0000000000400340 <_ZN5hello4main17h5d434a6e08b2e3b8E>:
...
40037c: ff 15 26 7a 23 00 call QWORD PTR [rip+0x237a26] # 637da8 <_GLOBAL_OFFSET_TABLE_+0x250>
...
$ objdump -s -j .got hello | grep 637da8
637da8 50434000 00000000 b0854000 00000000 PC#.......#.....
$ objdump -d hello -M intel | grep 404350
0000000000404350 <_ZN3std2io5stdio6_print17h522bda9f206d7fddE>:
404350: 41 57 push r15
The number 404350 comes from 50434000 00000000, which is a little-endian 0x00000000000404350 (this was not obvious; I had to run the binary under GDB to figure this out!)
This is perplexing, since Wikipedia says that
[GOT] is used by executed programs to find during runtime addresses of global variables, unknown in compile time. The global offset table is updated in process bootstrap by the dynamic linker.
Why is the GOT present? From the disassembly, it looks like the compiler knows all the needed addresses. As far as I know, there is no bootstrap done by the dynamic linker: there is neither INTERP nor DYNAMIC program headers present in my binary;
Why does the GOT store function pointers? Wikipedia says the GOT is only for global variables, and function pointers should be contained in the PLT.
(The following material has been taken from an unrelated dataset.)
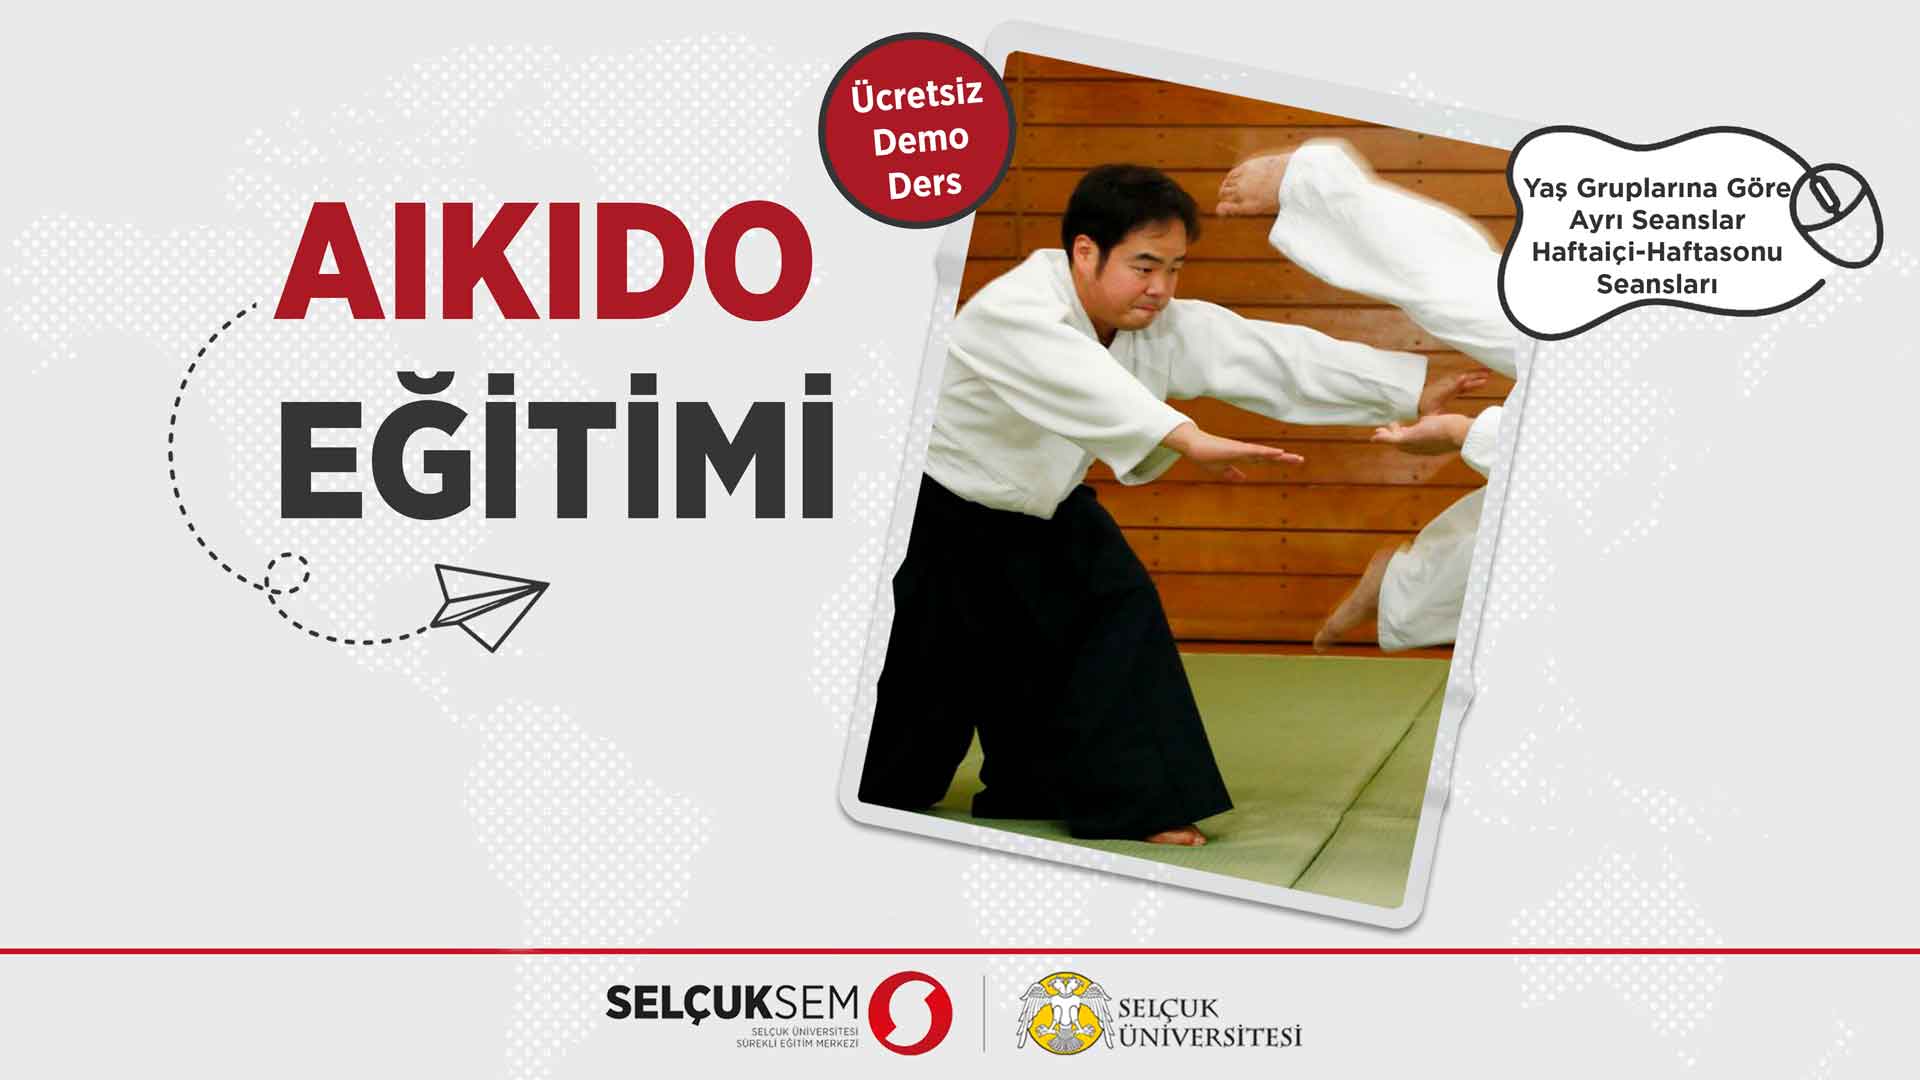 Aikido Eğitimi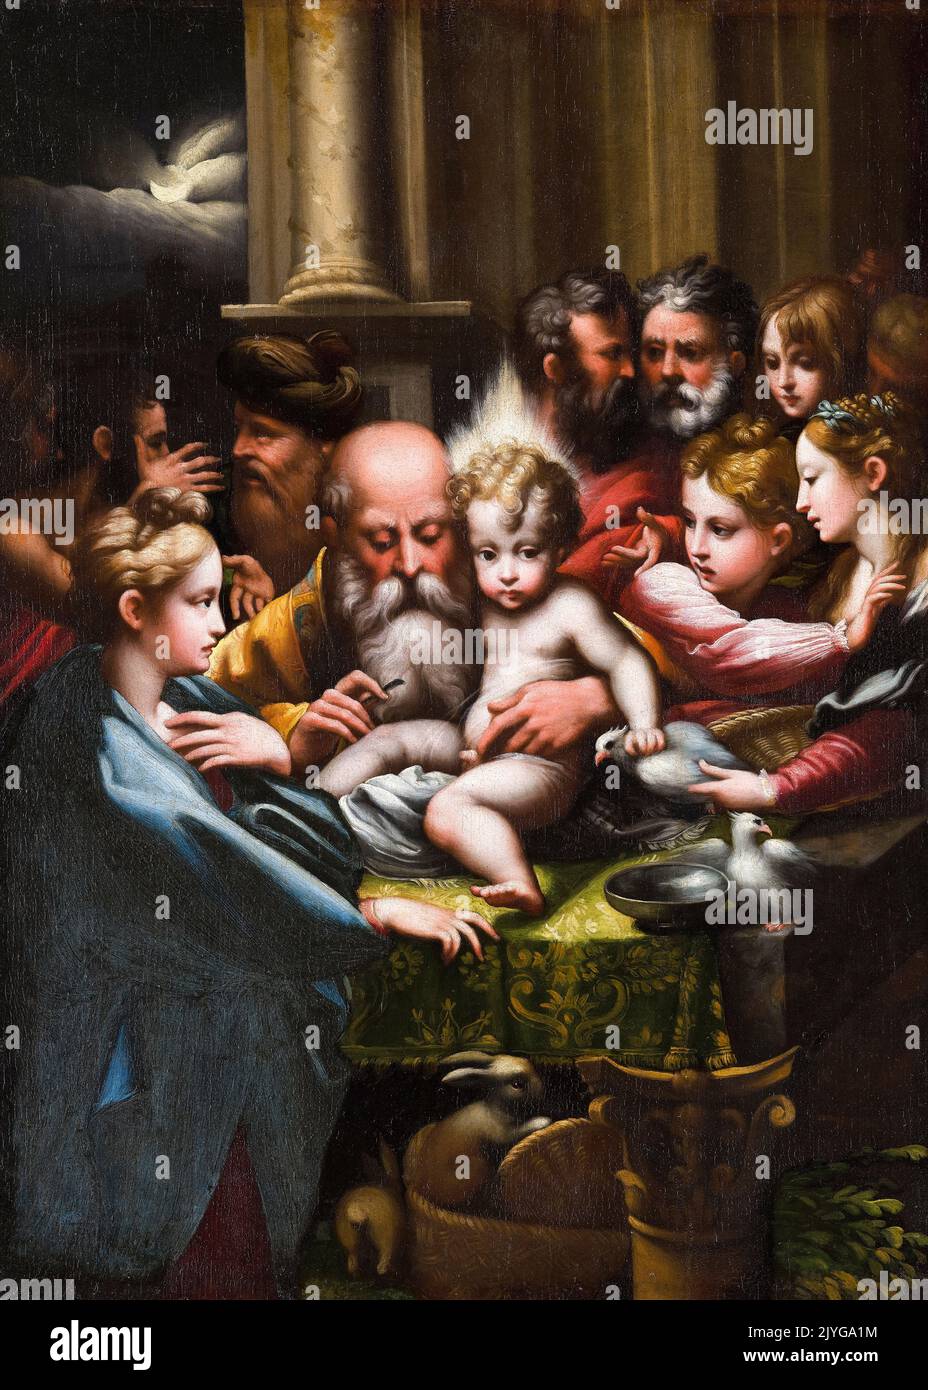 Girolamo Francesco Maria Mazzola a appelé Parmigianino, la circoncision, peinture dans l'huile sur panneau, 1520-1529 Banque D'Images

TL;DR summary: the GOT is really a rudimentary build artifact, which I was able to get rid of via simple machine code manipulations.
Breakdown
If we look at
$ objdump -dj .text hello
and search for GLOBAL, we see only four distinct types of references to the GOT (constants differ):
40037c: ff 15 26 7a 23 00 call QWORD PTR [rip+0x237a26] # 637da8 <_GLOBAL_OFFSET_TABLE_+0x250>
425903: ff 25 5f 26 21 00 jmp QWORD PTR [rip+0x21265f] # 637f68 <_GLOBAL_OFFSET_TABLE_+0x410>
41d8b5: 48 3b 1d b4 a5 21 00 cmp rbx,QWORD PTR [rip+0x21a5b4] # 637e70 <_GLOBAL_OFFSET_TABLE_+0x318>
40b259: 48 83 3d 7f cb 22 00 cmp QWORD PTR [rip+0x22cb7f],0x0 # 637de0 <_GLOBAL_OFFSET_TABLE_+0x288>
40b260: 00
All of these are reading instructions, which means that the GOT is not modified at runtime. This in turn means that we can statically resolve the addresses that the GOT refers to! Let's consider the reference types one by one:
call QWORD PTR [rip+0x2126be] simply says "go to address [rip+0x2126be], take 8 bytes from there, interpret them as a function address and call the function". We can simply replace this instruction with a direct call:
40037c: e8 cf 3f 00 00 call 404350 <_ZN3std2io5stdio6_print17h522bda9f206d7fddE>
400381: 90 nop
Notice the nop at the end: we need to replace all the 6 bytes of the machine code that constitute the first instruction, but the instruction we replace it with is only 5 bytes, so we need to pad it. Fundamentally, as we are patching a compiled binary, we can replace an instruction with a another one only if it is not longer.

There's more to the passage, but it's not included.